Search code examples
linuxlinux-kernelkernelblockscsi

Linux: writes are split into 512K chunks


I have a user-space application that generates big SCSI writes (details below). However, when I'm looking at the SCSI commands that reach the SCSI target (i.e. the storage, connected by the FC) something is splitting these writes into 512K chunks.

The application basically does 1M-sized direct writes directly into the device:

fd = open("/dev/sdab", ..|O_DIRECT);
write(fd, ..., 1024 * 1024);

This code causes two SCSI WRITEs to be sent, 512K each.

However, if I issue a direct SCSI command, without the block layer, the write is not split.
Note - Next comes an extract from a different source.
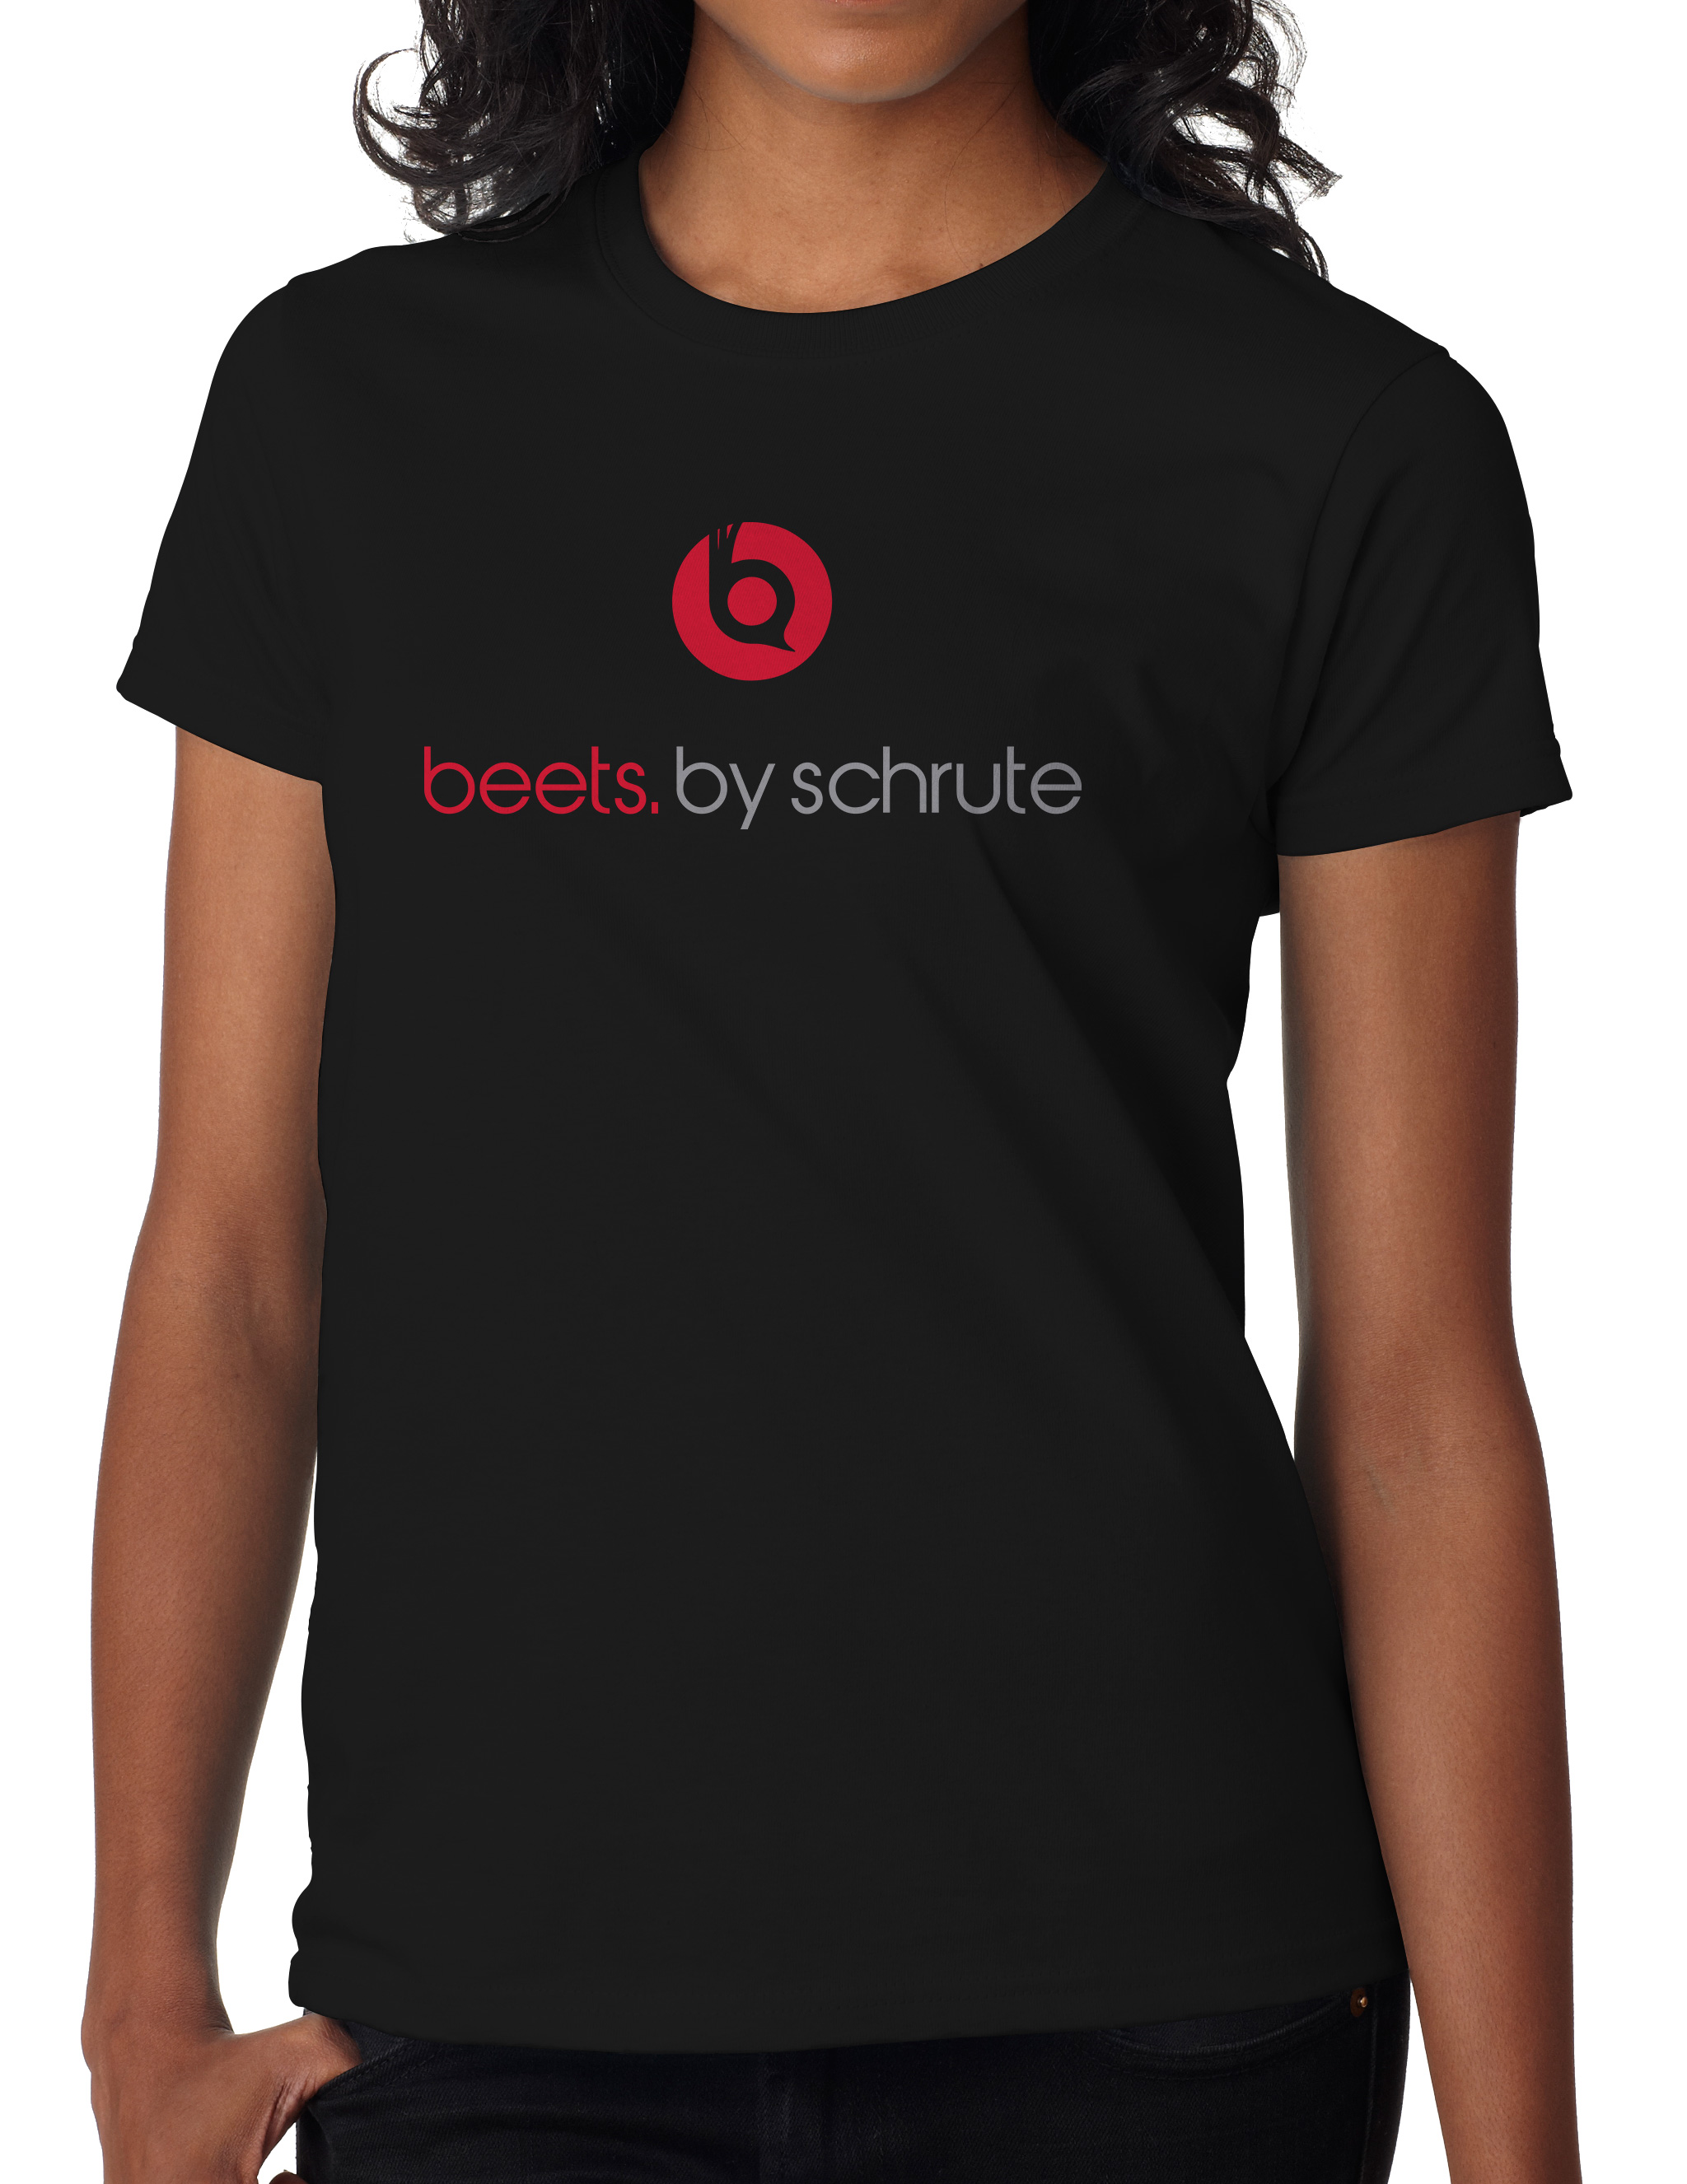 Womens Schrute Farms Beets Short-Sleeve Crewneck T-Shirt Print Tees Shirt Short Sleeve T Shirt Blouse Tops Black

I issue the following command from the command line:

sg_dd bs=1M count=1 blk_sgio=1 if=/dev/urandom of=/dev/sdab oflag=direct

I can see one single 1M-sized SCSI WRITE.
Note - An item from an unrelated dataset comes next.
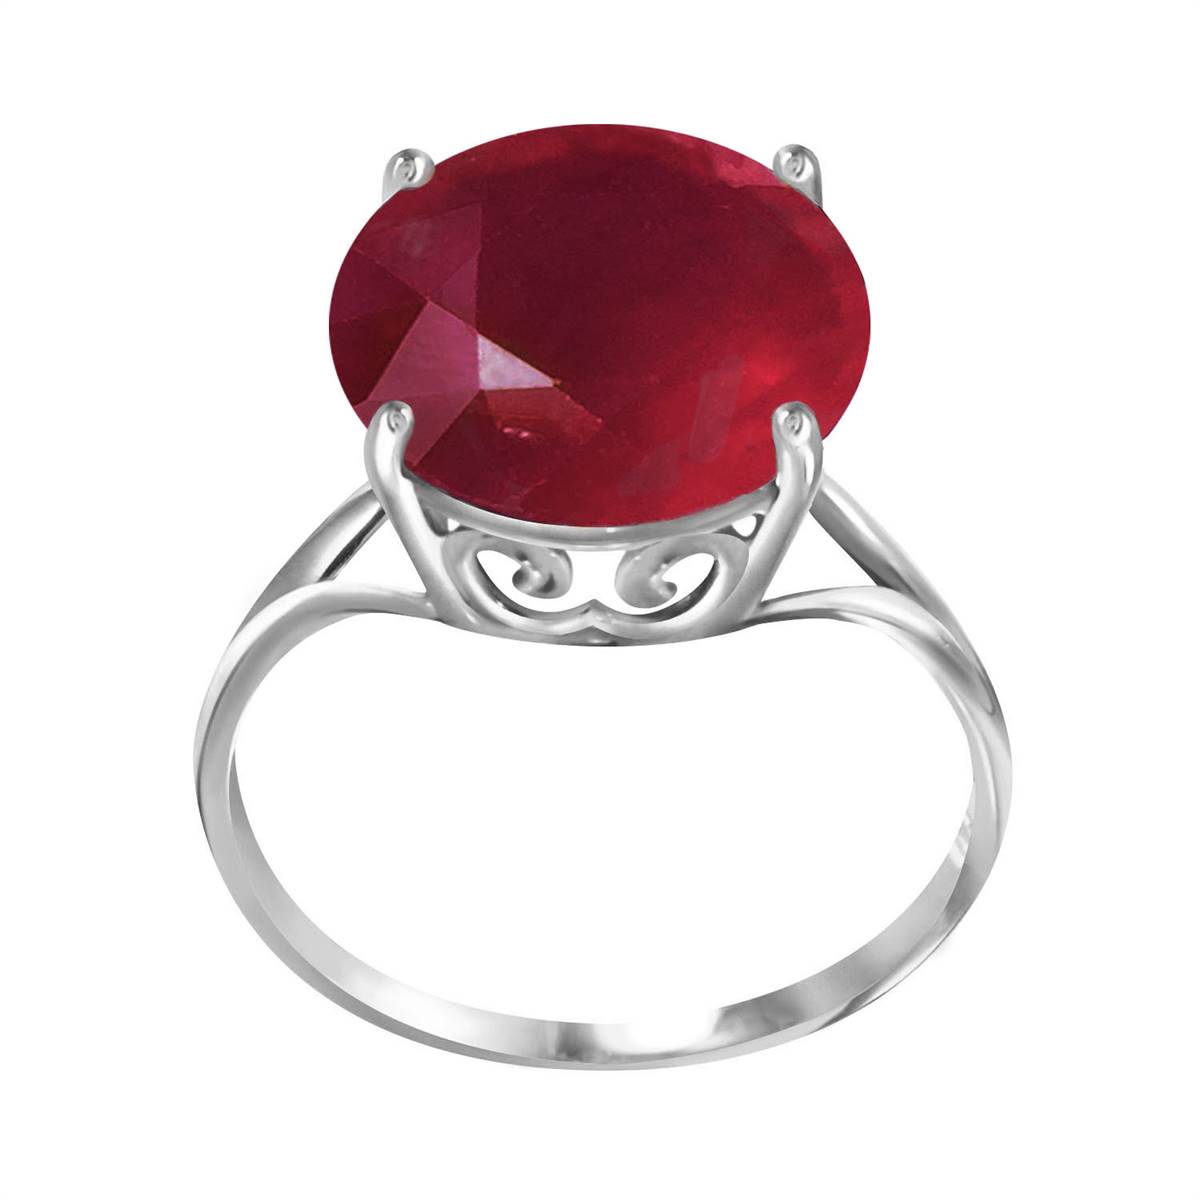 14K Solid White Gold Ring w/ Natural 12.0 mm Round Ruby

The question is, what is splitting the write and, more importantly, is it configurable? Linux block layer seems to be guilty (because SG_IO doesn't pass through it) and 512K seems too arbitrary a number not to be some sort of a configurable parameter.


Solution

  • The blame is indeed on the block layer, the SCSI layer itself has little regard to the size. You should check though that the underlying layers are indeed able to pass your request, especially with regard to direct io since that may be split into many small pages and requires a scatter-gather list that is longer than what can be supported by the hardware or even just the drivers (libata is/was somewhat limited).

    You should look and tune /sys/class/block/$DEV/queue there are assorted files there and the most likely to match what you need is max_sectors_kb but you can just try it out and see what works for you. You may also need to tune the partitions variables as well.